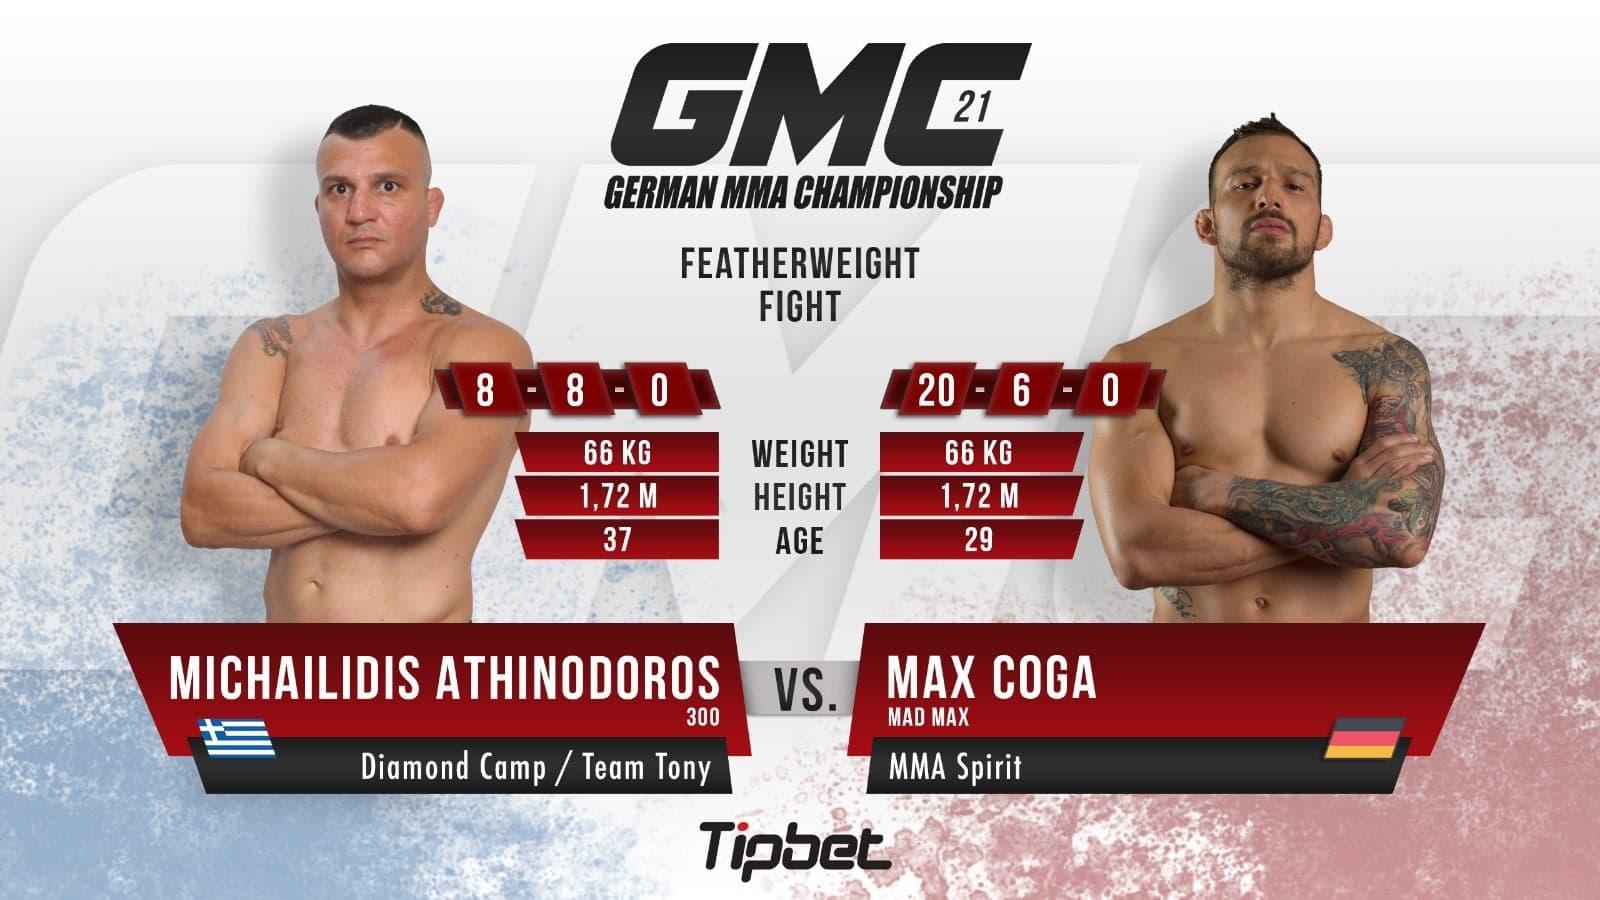 GMC Coga vs Athinodoros
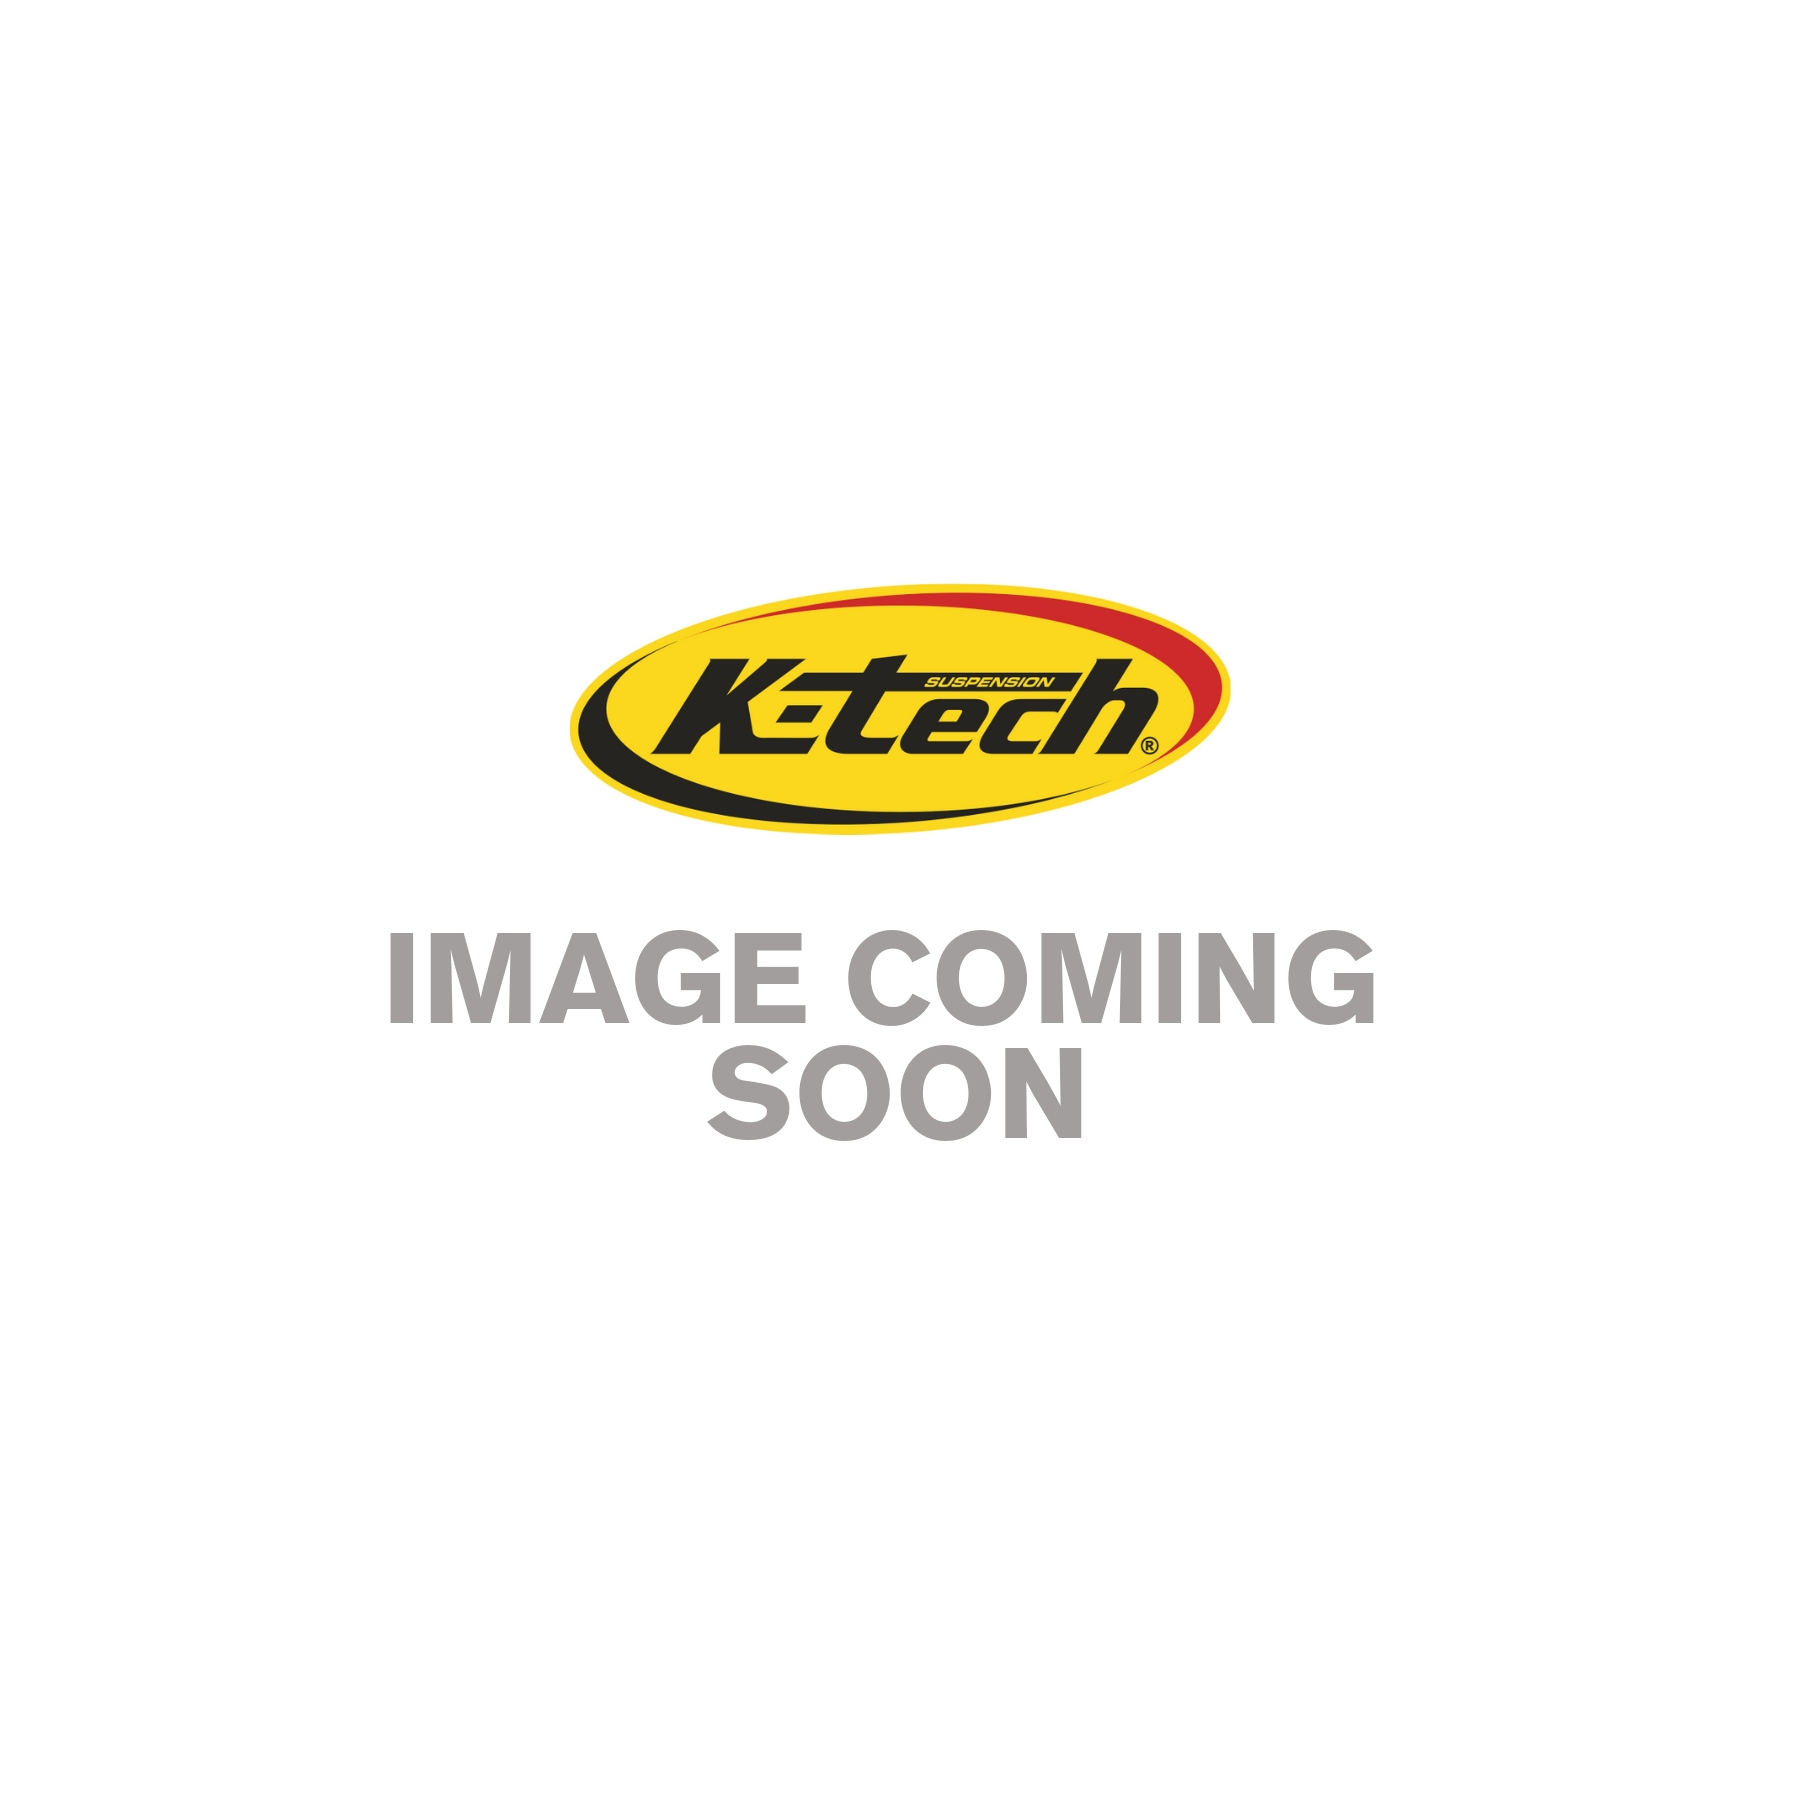 Shock Absorber Seperation Piston Drive -Bullit
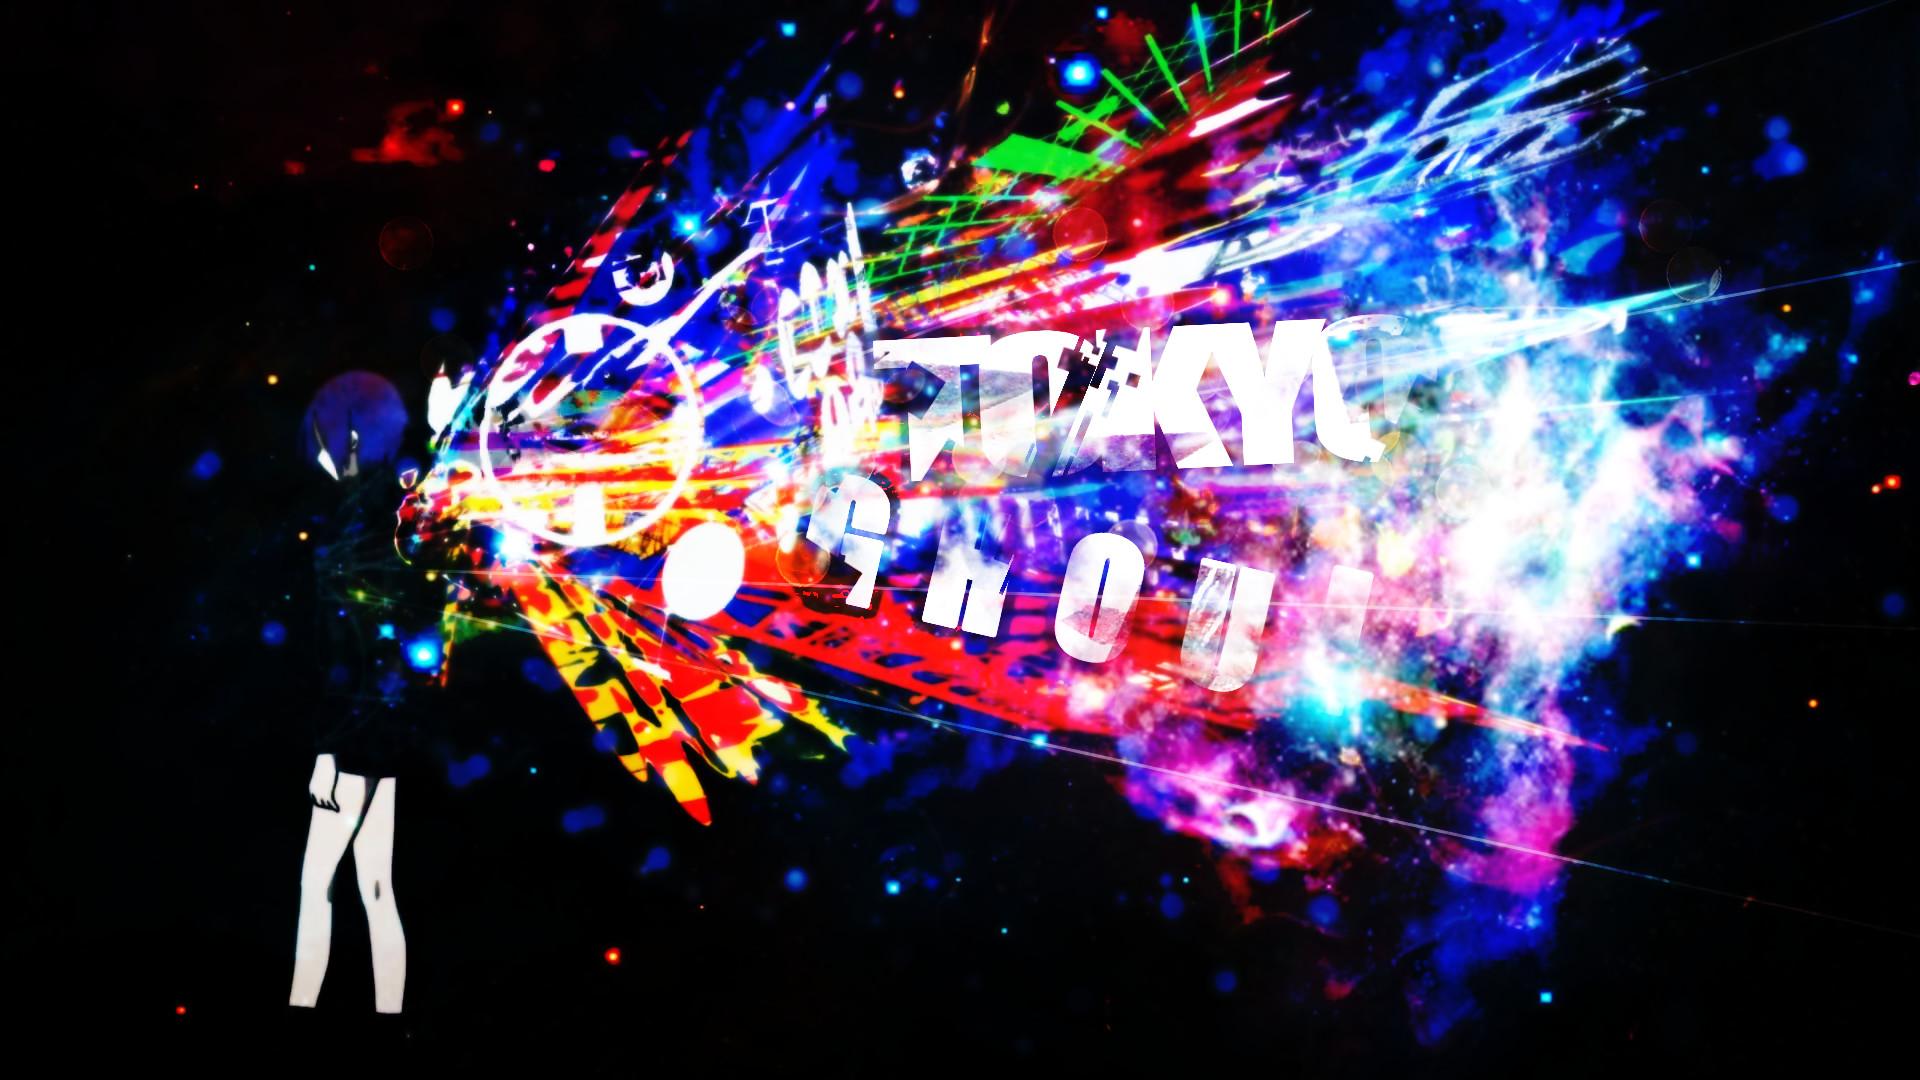 Tokyo Ghoul WP by Everay Tokyo Ghoul WP by Everay

> _TASK OBJECTIVE_
All pictures should be dropped; the lines from the one containing "Shock Absorber Seperation" through the last line of the material are to be set down exactly.

> _EXERCISE ANSWER_
 Shock Absorber Seperation Piston Drive -Bullit
 Tokyo Ghoul WP by Everay Tokyo Ghoul WP by Everay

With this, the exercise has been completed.